President Donald Trump’s threat to wipe out “a whole civilization” in Iran has prompted growing calls from Democrats to remove him through a constitutional mechanism that has never been used to end a presidency: The 25th Amendment.
“A whole civilization will die tonight, never to be brought back again,” Trump posted on Truth Social on Tuesday morning. “I don’t want that to happen, but it probably will.”
He continued, saying with a “different, smarter, and less radicalized” regime in Iran, he hoped Tehran would come to a deal on the Strait of Hormuz. But he left it open that the United States would strike Iran on Tuesday night if a deal was not reached.
“WHO KNOWS?” Trump asked.
The post came just 12 hours before the president’s previously announced deadline for Iran to reopen the Strait of Hormuz or risk the U.S. attacking bridges and power plants. Or, as the president put it in an expletive-laced Easter morning social media post, “Open the Fuckin’ Strait, you crazy bastards, or you’ll be living in Hell.”
In response to Trump’s threats, Democrats started a new trend on Tuesday that put the onus for Trump’s removal on some of the president’s most obsequious officials, calling on Trump’s Cabinet to invoke the 25th Amendment and declare the president unfit for office. Doing so would, in effect, remove Trump from the White House and replace him with Vice President JD Vance.
In a social media post, Rep. Ilhan Omar, D-Minn., called for “this unhinged lunatic” to “be removed from office.” Rep. Ro Khanna, D-Calif., said, “Threatening war crimes is a blatant violation of our constitution and the Geneva Conventions.” And Rep. Yassamin Ansari, D-Ariz., wrote, “In the last 48 hours alone, the rhetoric has crossed every line.”
“Donald Trump’s instability is more clear and dangerous than ever,” said former Speaker Nancy Pelosi, D-Calif.
As of early Tuesday evening, more than four dozen Democrats had called on Trump’s Cabinet to invoke the 25th Amendment, including Rep. Jamie Raskin, D-Md.; Rep. Robert Garcia, D-Calif.; Rep. Zoe Lofgren, D-Calif.; Rep. Adriano Espaillat, D-N.Y.; Rep. Ritchie Torres, D-N.Y.; and Rep. Teresa Leger Fernández, D-N.M.
Of course, these calls are unlikely to do much of anything.
To actually remove Trump from office, the vice president and a majority of the Cabinet would have to agree that the president “is unable to discharge the powers and duties of his office.” If the president were to dispute that assessment, as he almost certainly would, at least two-thirds of the House and Senate would have to agree that the president is unfit to serve to remove him from office.
The threshold in Congress is actually higher than what is required through a straight impeachment and conviction.
The bar, said Sen. Sheldon Whitehouse, D-R.I., is too high to clear at this moment, as Republicans on Capitol Hill and in Trump’s Cabinet remain in lockstep with the president.

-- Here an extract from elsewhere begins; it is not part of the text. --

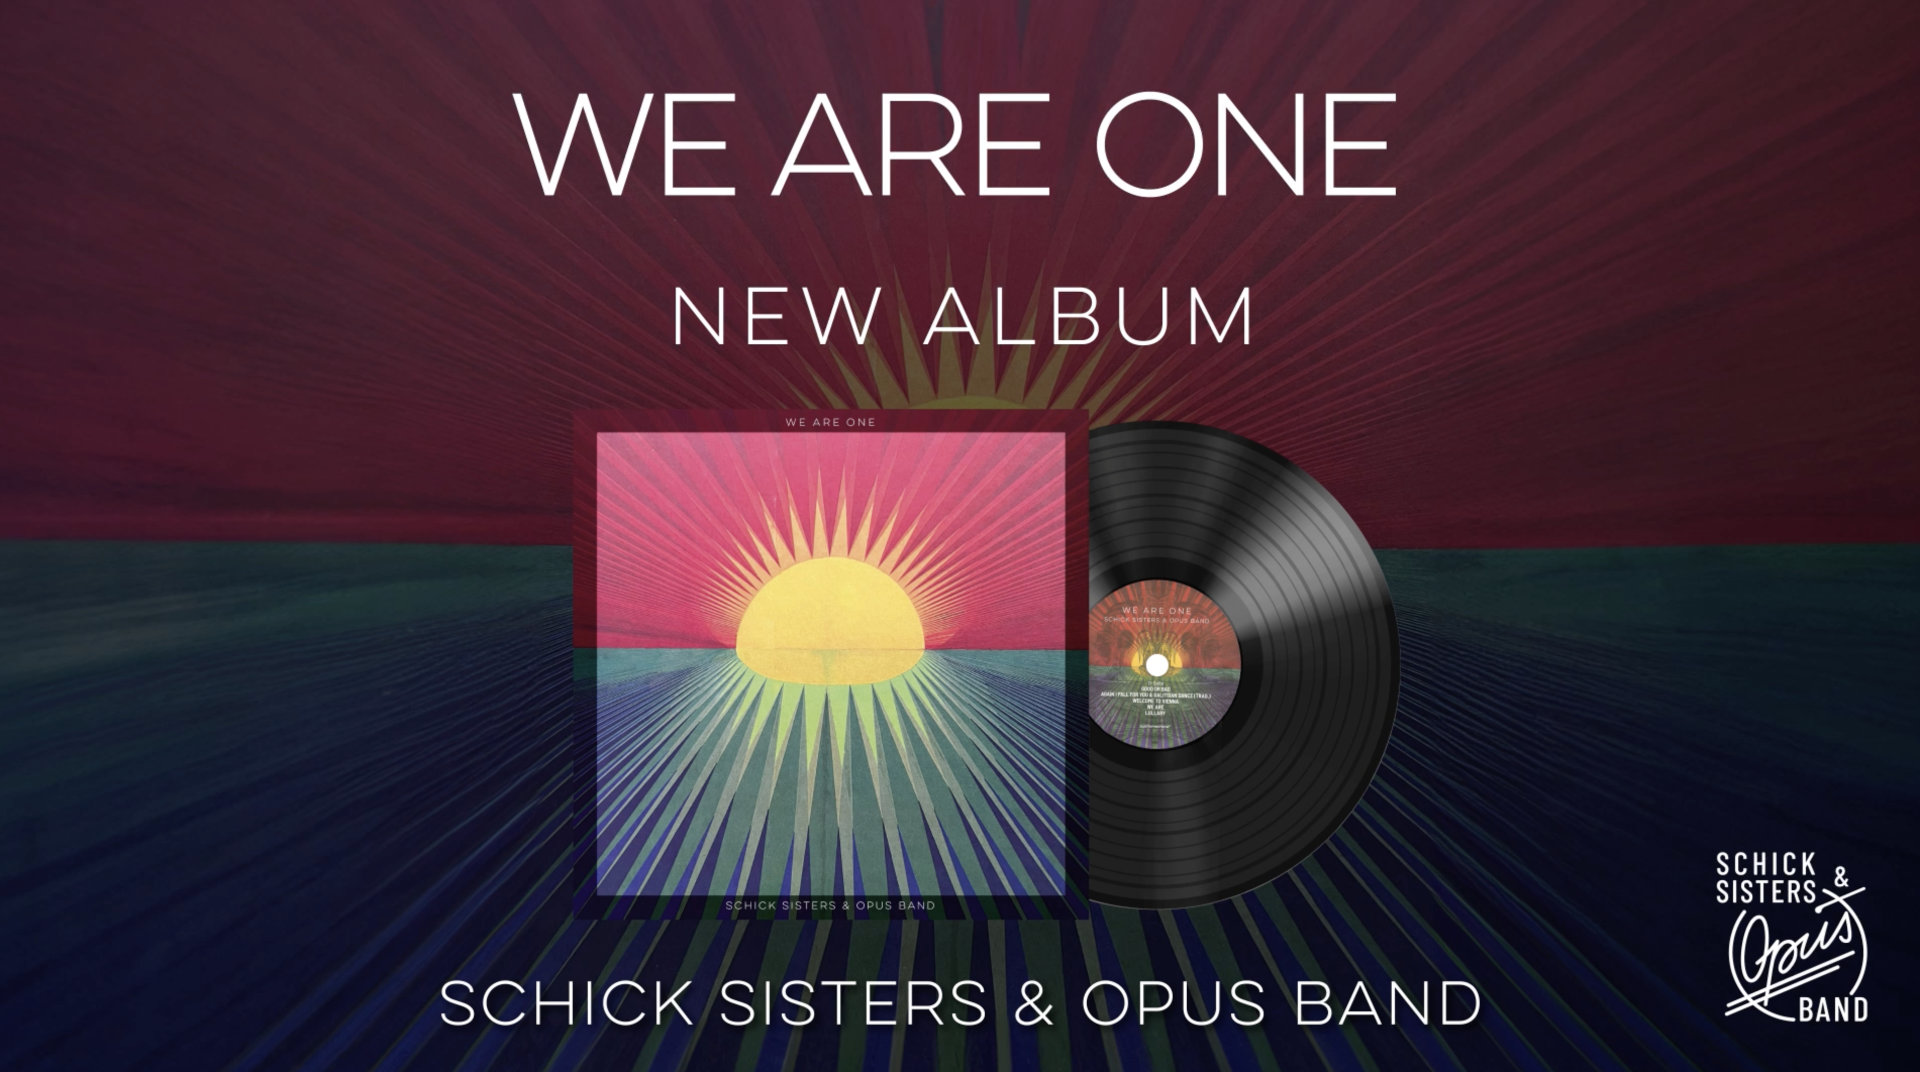 we are one album poster Live is Life, Life is Life Na na na Na nA ~ by OPUS & Andrew Lipsett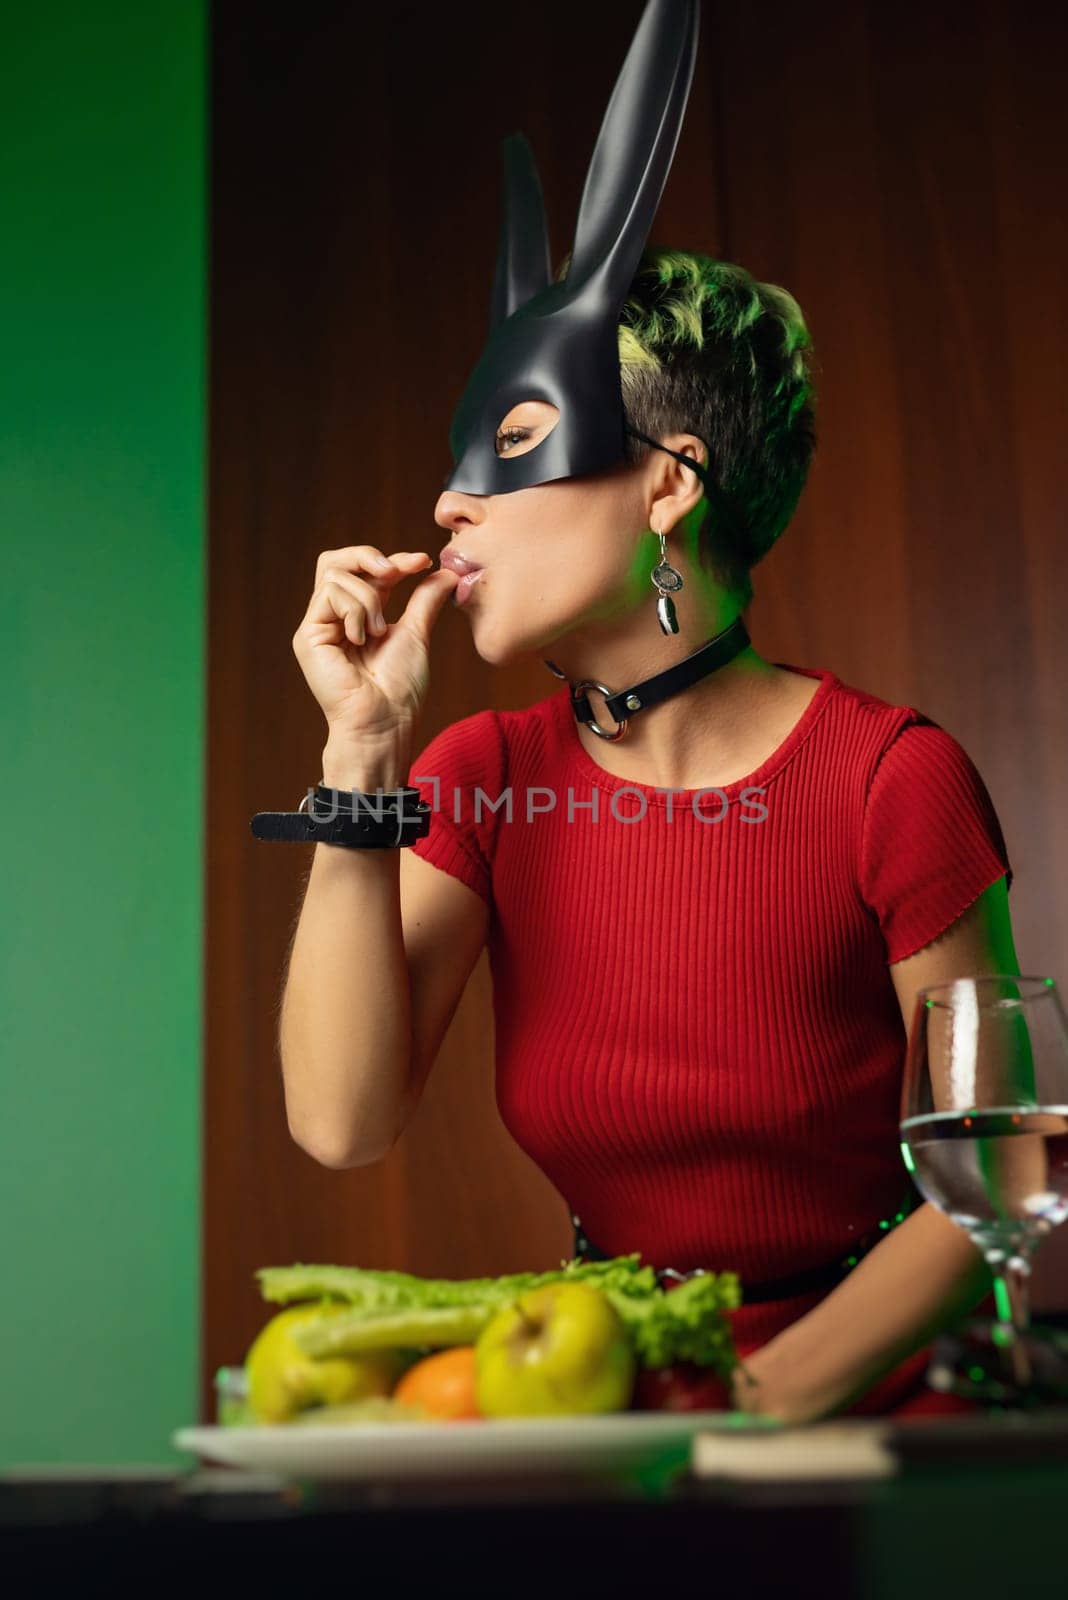 A beautiful girl in a bdsm rabbit mask and a bright red dress eats lettuce leaves promoting a healthy lifestyle and vegetarianism by Rotozey

“We’re going to have to buckle down and win this the old-fashioned way,” Whitehouse added in another post.
Some Democrats, such as Rep. Diane DeGette, D-Col., were clear that, if the Cabinet refused to invoke the 25th Amendment, then Congress should begin impeachment proceedings, an unlikely endeavor on its own in the GOP-controlled Congress.
But Democrats have increasingly argued that Trump’s war with Iran, coupled with what they have described as bellicose and progressively unhinged rhetoric, have crossed the line. (Some of the MAGA faithful, such as former Rep. Marjorie Taylor Greene and conservative commentators Alex Jones and Candace Owens, have also called on Trump’s Cabinet to invoke the 25th Amendment.)
Still, almost every Republican in Congress has stood by Trump. In fact, rather than pushing back on the president, some criticized Greene on Tuesday.
“The TRUE madness is calling for the 25th to be used against one of the greatest presidents our nation has ever seen! @POTUS is making the entire planet safer,” Rep. Marlin Stutzman, R-Ind., wrote on X, adding that Greene is “starting to sound like” Rep. Rashida Tlaib, D-Mich., and Tucker Carlson.
Most other Republicans have remained silent on Trump’s threats. House Speaker Mike Johnson, R-La., made two posts Tuesday, one touting the “no tax on tips” from the GOP’s reconciliation bill and one cheering the International Olympic Committee for recognizing that “women’s sports are meant for biological women.”
Johnson, like Senate Majority Leader John Thune, R-S.D., has remained silent on Trump’s escalating rhetoric.
Notably, however, some Republicans have started to offer indirect criticism.
During an appearance on conservative journalist and commentator John Solomon’s podcast on Monday, Sen. Ron Johnson, R-Wis., said he is “hoping and praying” that Trump’s threat against Iran “really is bluster.”